RECORDS SUPPLIED:
#####
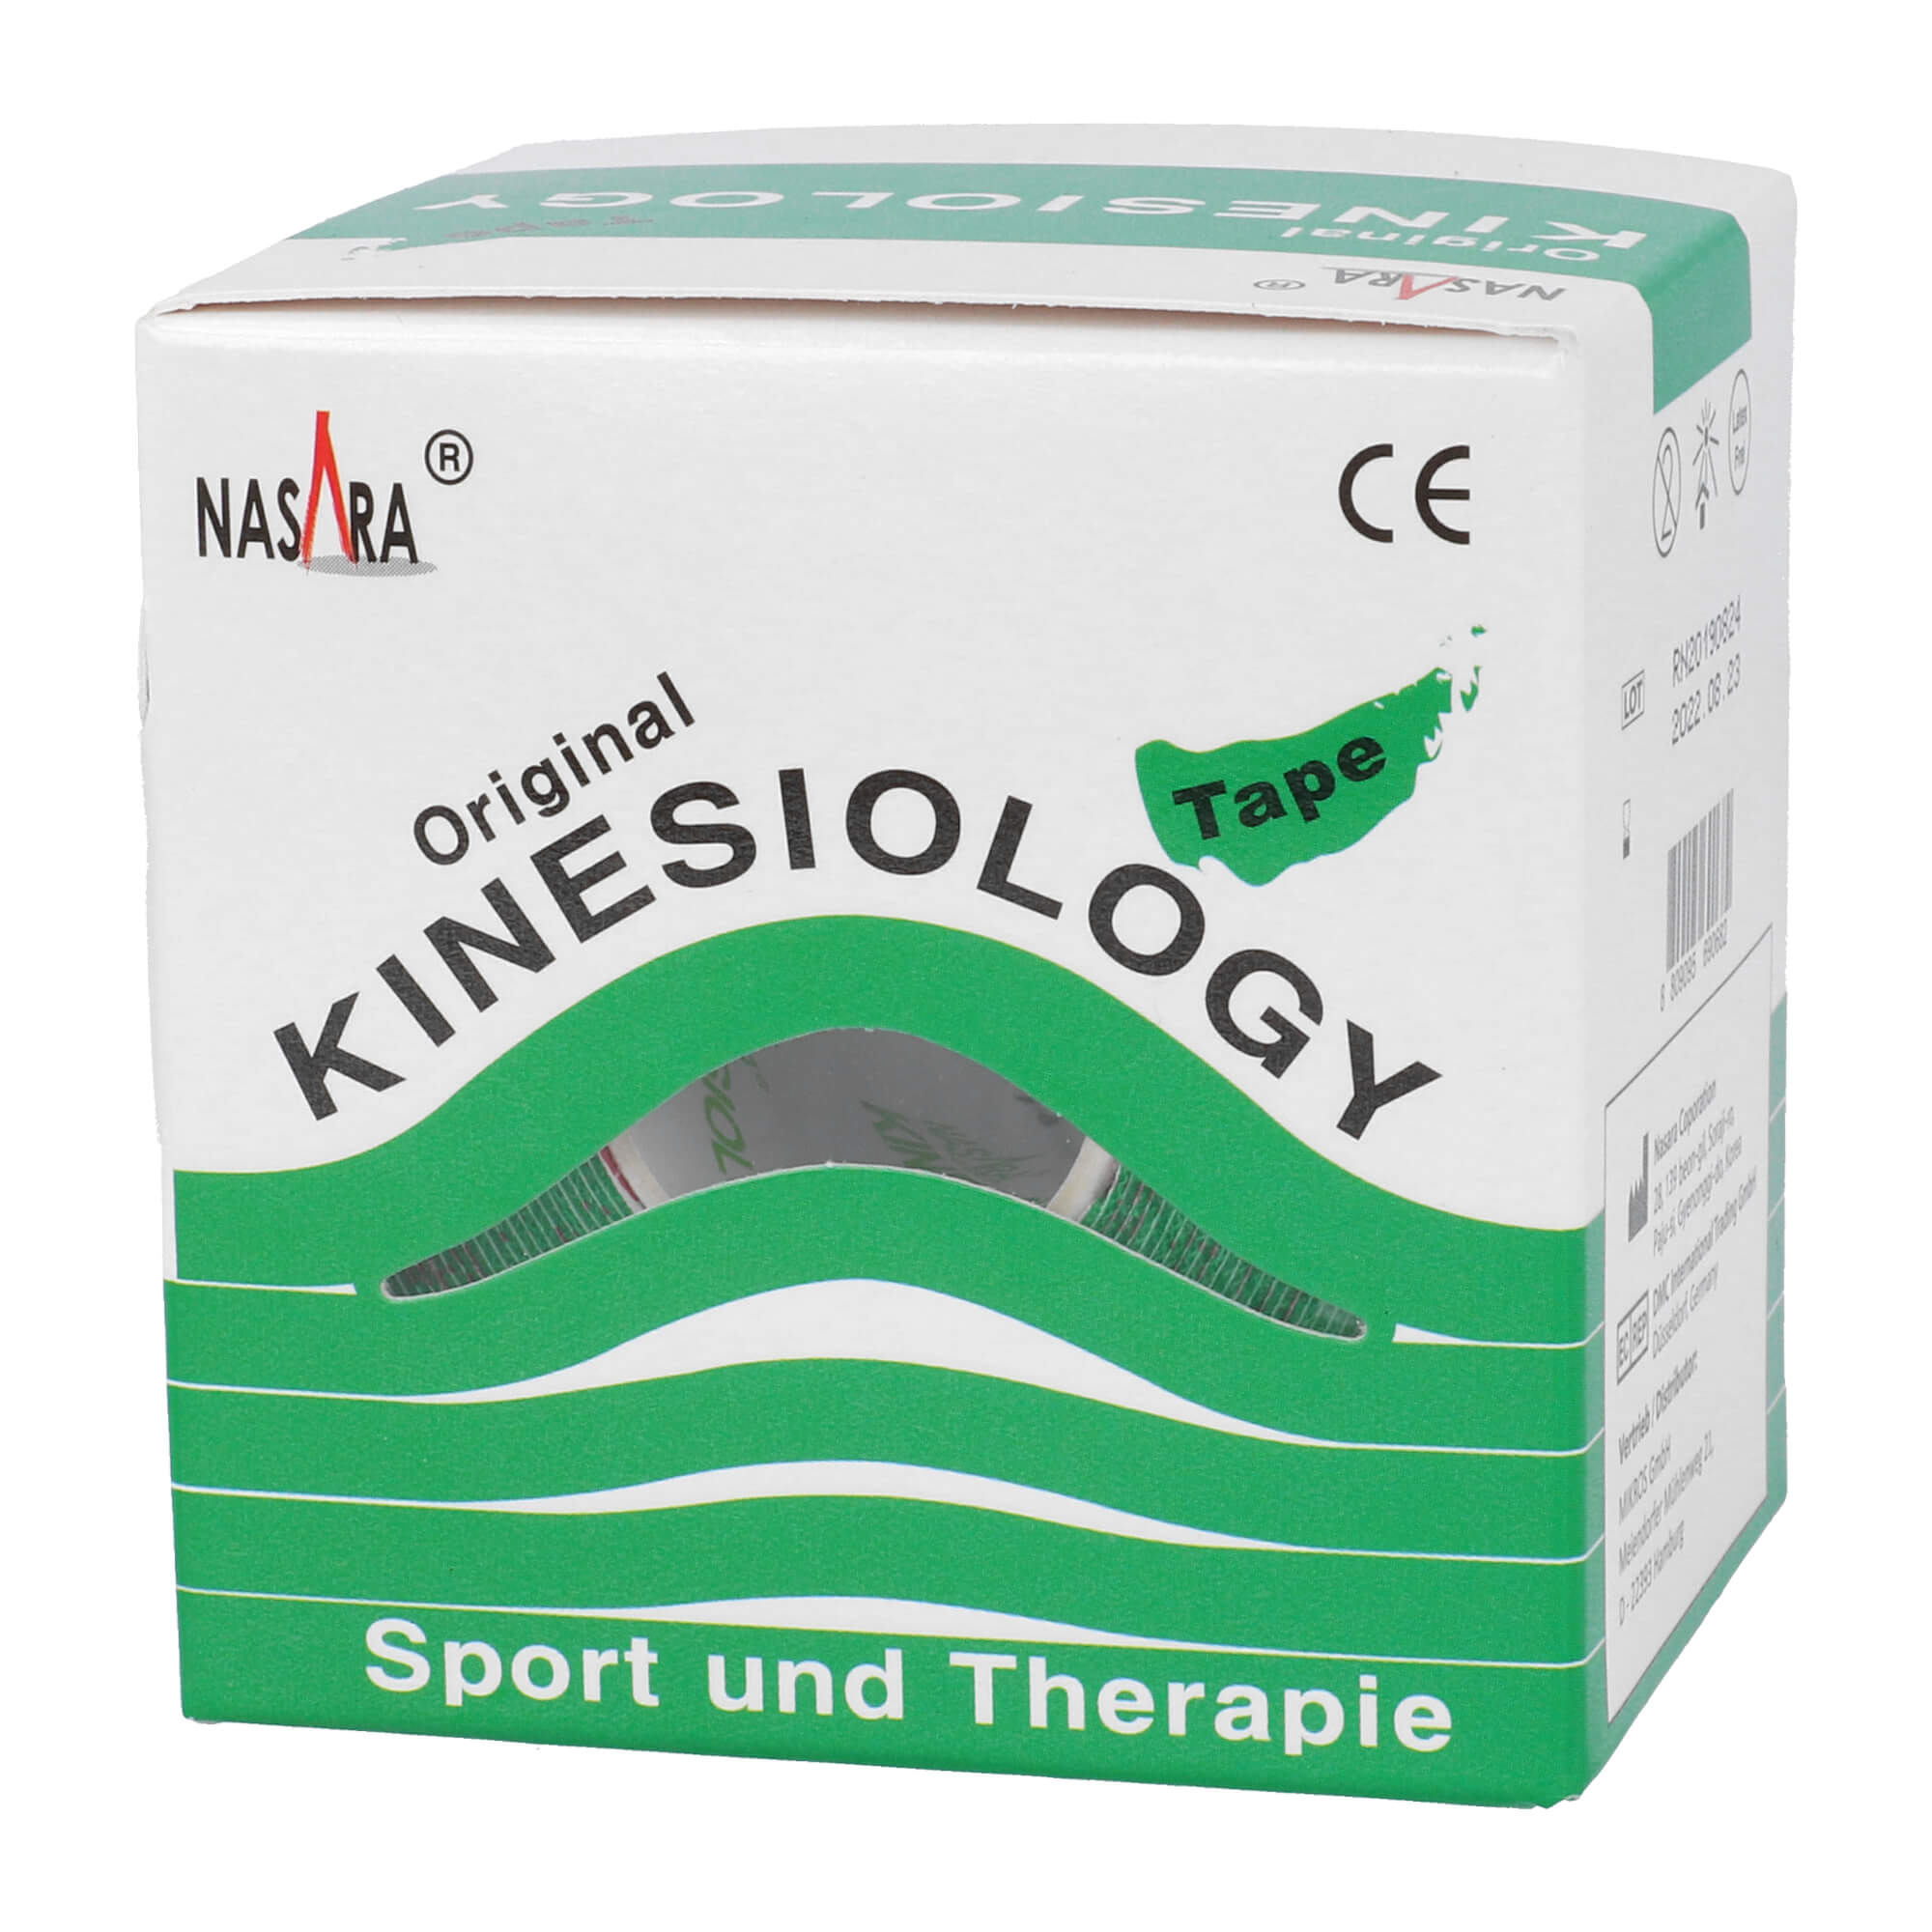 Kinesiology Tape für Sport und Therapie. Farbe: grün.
#####
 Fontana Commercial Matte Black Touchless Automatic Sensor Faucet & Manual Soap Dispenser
#####
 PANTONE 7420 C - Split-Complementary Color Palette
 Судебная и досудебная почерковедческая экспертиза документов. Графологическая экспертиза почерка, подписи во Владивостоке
#####
EXERCISE DIRECTIONS:
Of the lines above, retype only those from the line containing "PANTONE 7420 C" through the line containing "Судебная и досудебная", including both, exactly.

EXERCISE OUTPUT:
 PANTONE 7420 C - Split-Complementary Color Palette
 Судебная и досудебная почерковедческая экспертиза документов. Графологическая экспертиза почерка, подписи во Владивостоке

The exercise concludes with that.